══ MATERIAL PROVIDED ══

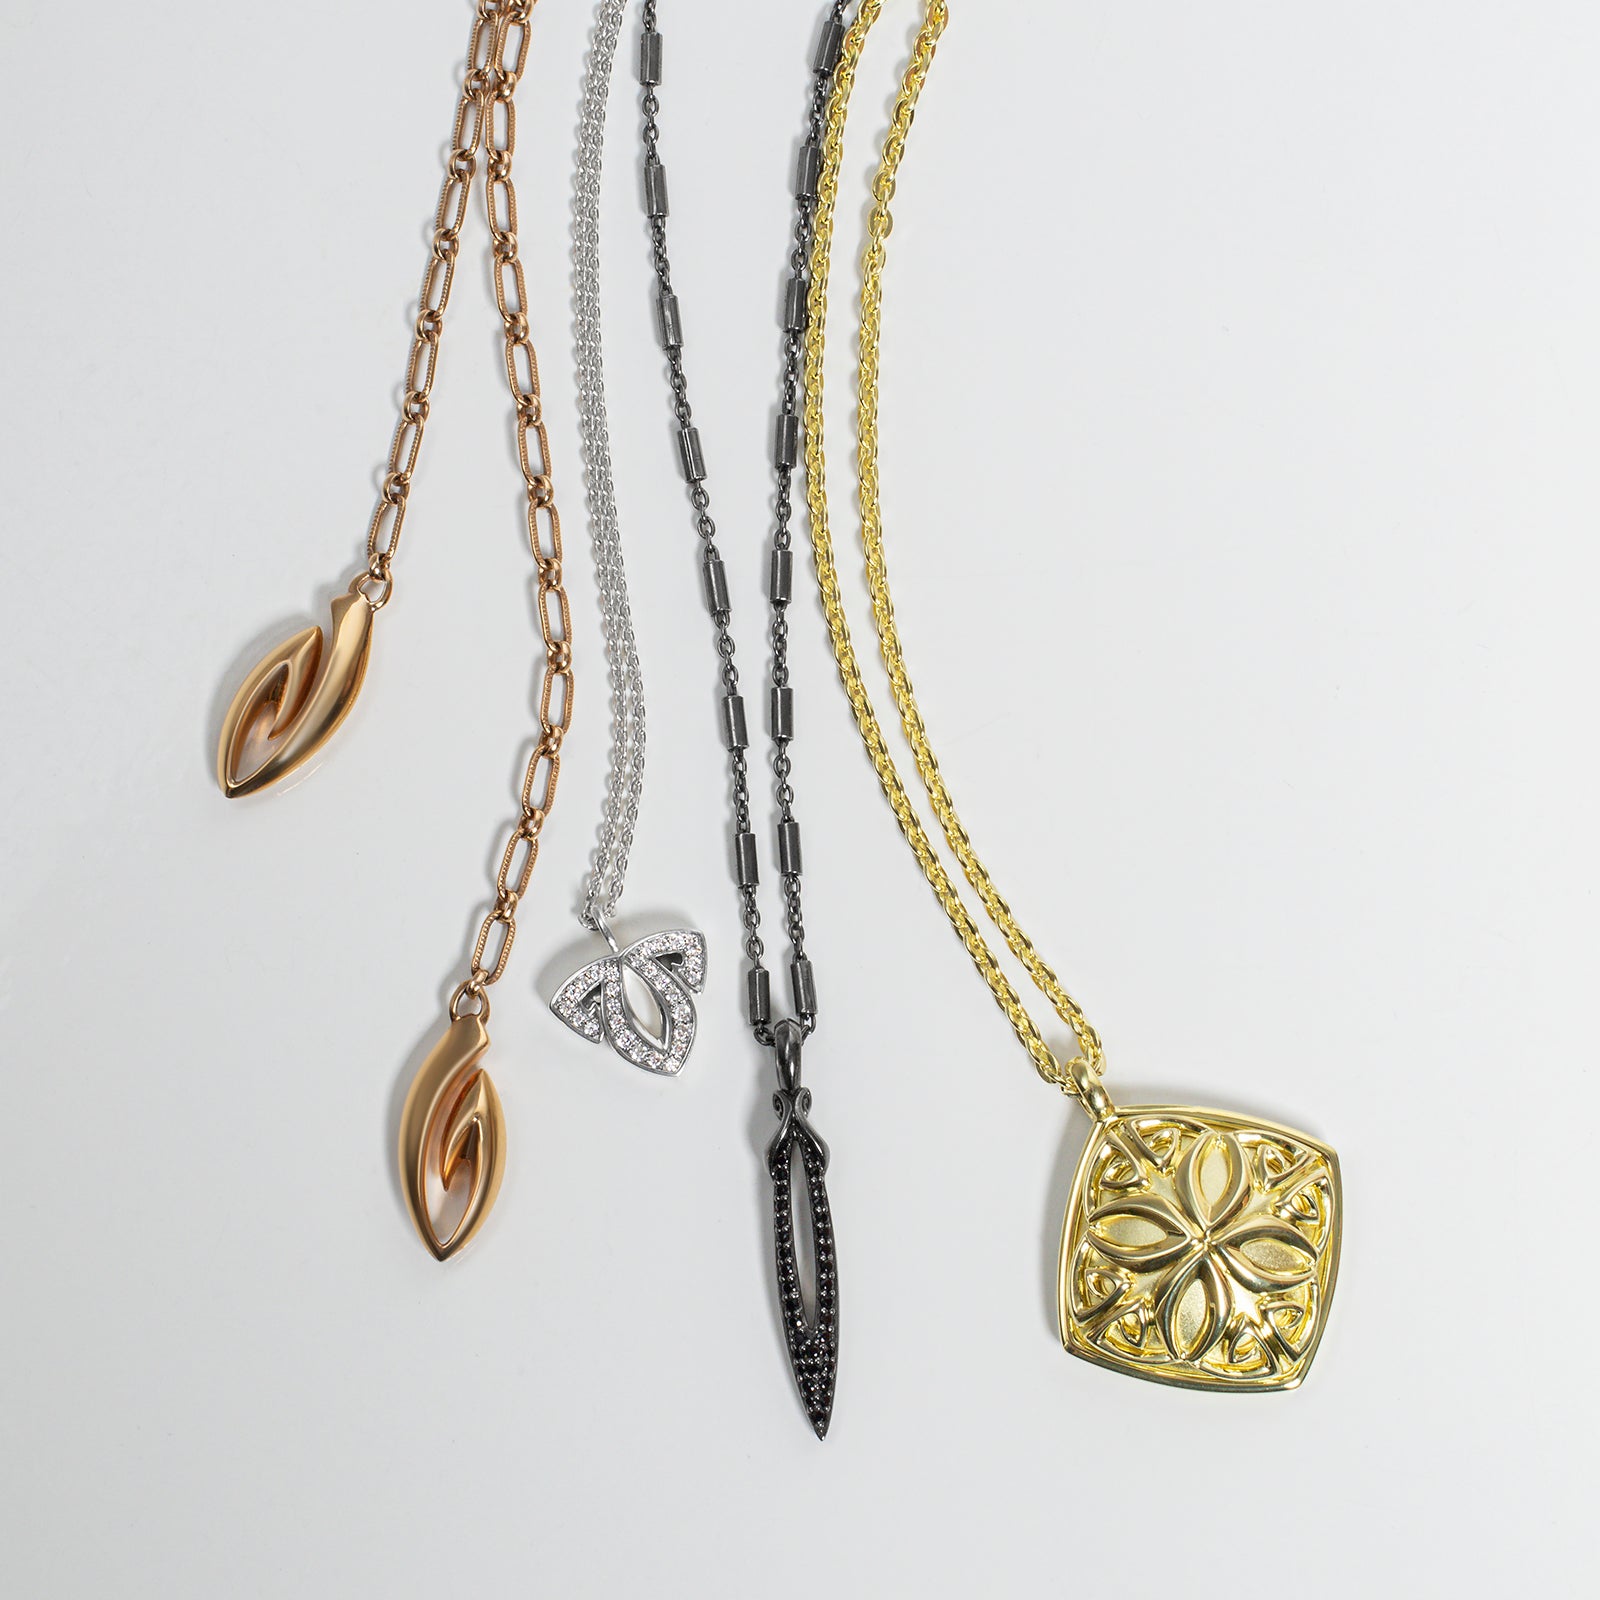 NECKLACES from elegant to edgy from REALM Fine + Fashion Jewelry
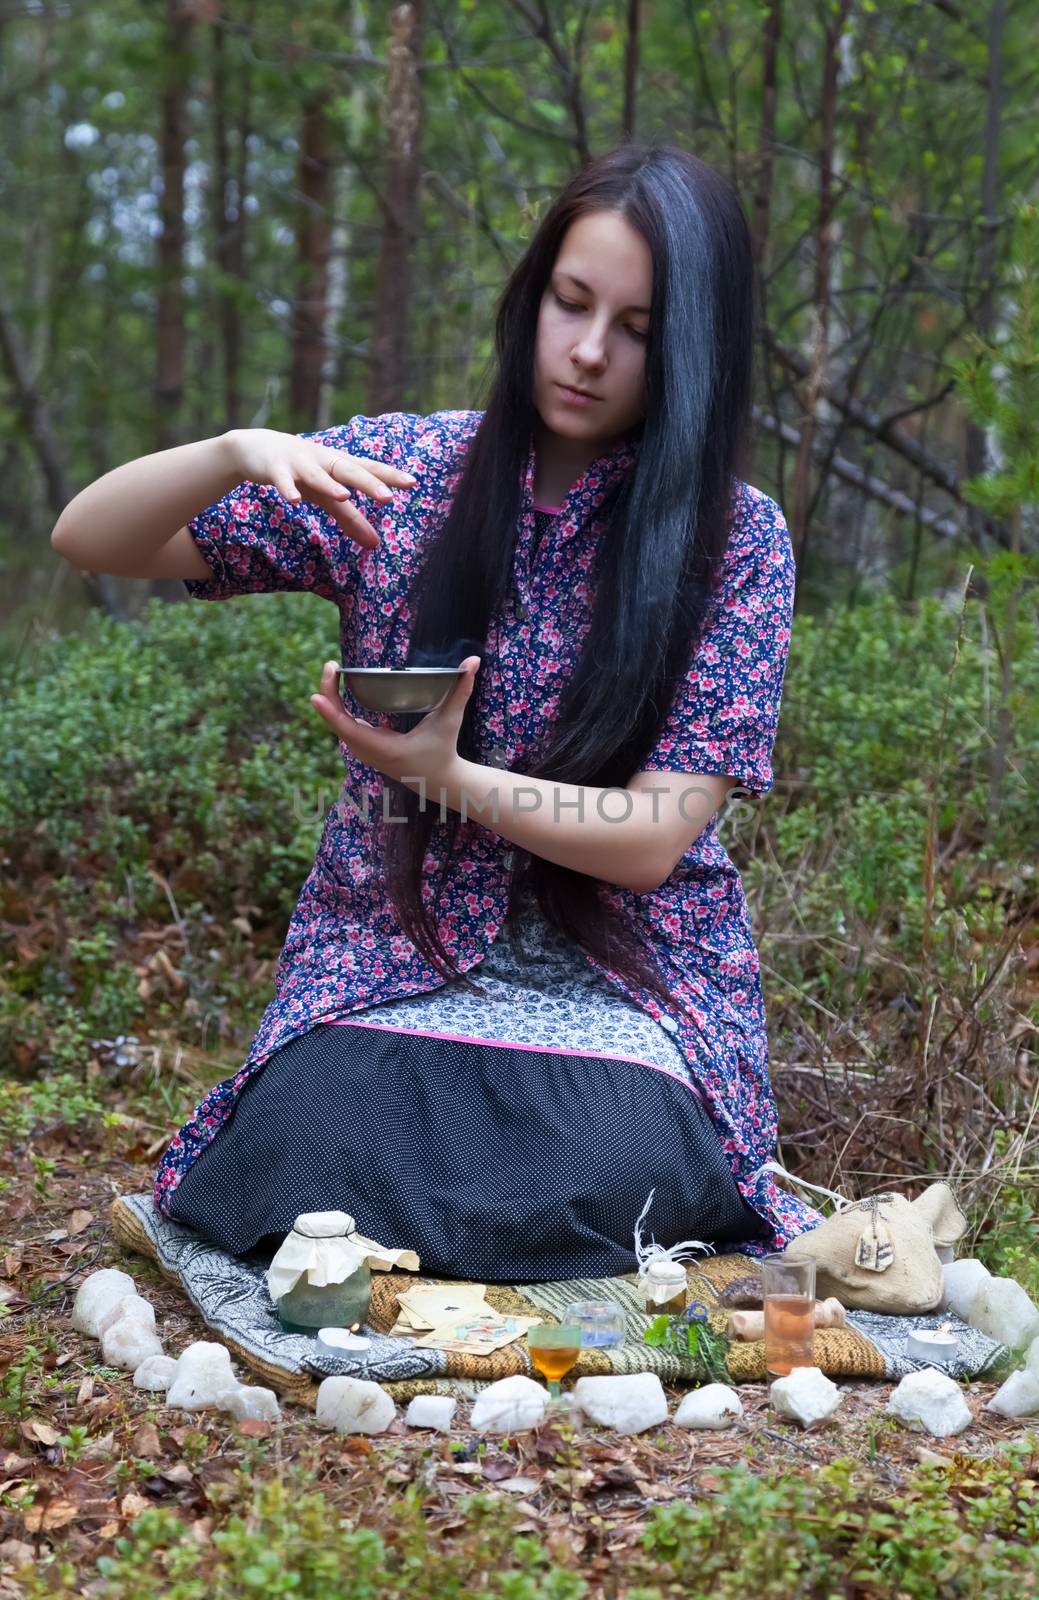 
Beautiful girl witch prepares witchcraft the drug in the woods 
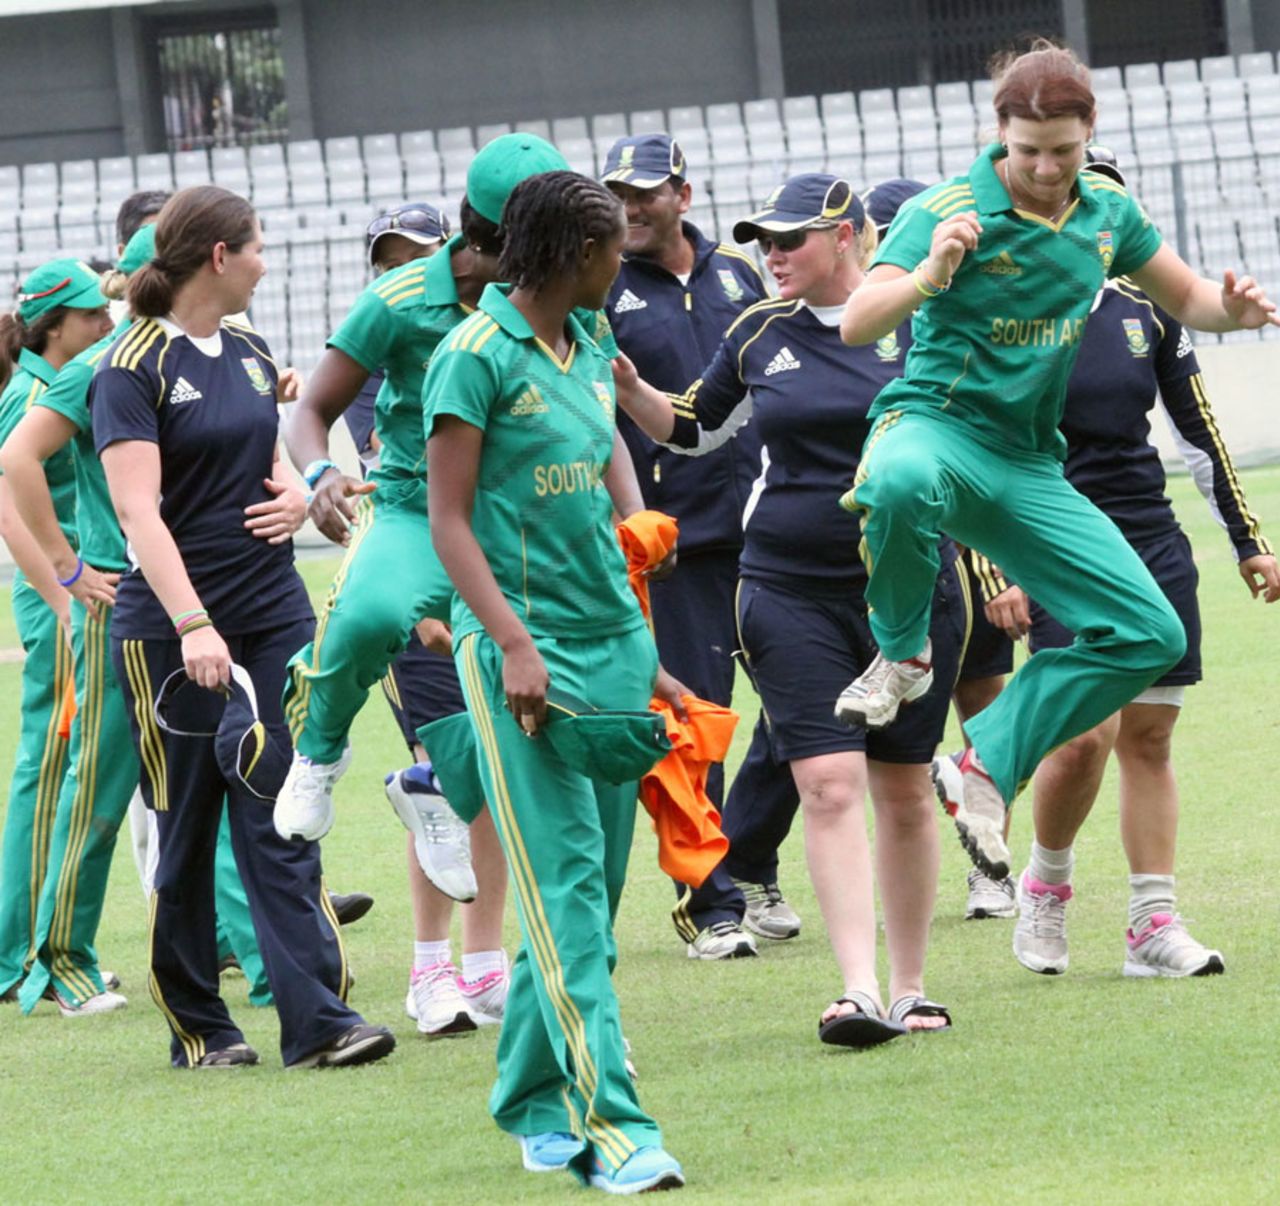 Yolandi van der Westhuizen (right) is delighted with the win, Bangladesh Women v South Africa Women, 3rd ODI, Dhaka, September 9, 2012

═══

# WHAT YOU SHOULD DO
Restate verbatim the lines that begin at the one holding "Beautiful girl witch" and end at the last line of the material. Exclude pictures.

# COMPLETED EXERCISE
Beautiful girl witch prepares witchcraft the drug in the woods 
 Yolandi van der Westhuizen (right) is delighted with the win, Bangladesh Women v South Africa Women, 3rd ODI, Dhaka, September 9, 2012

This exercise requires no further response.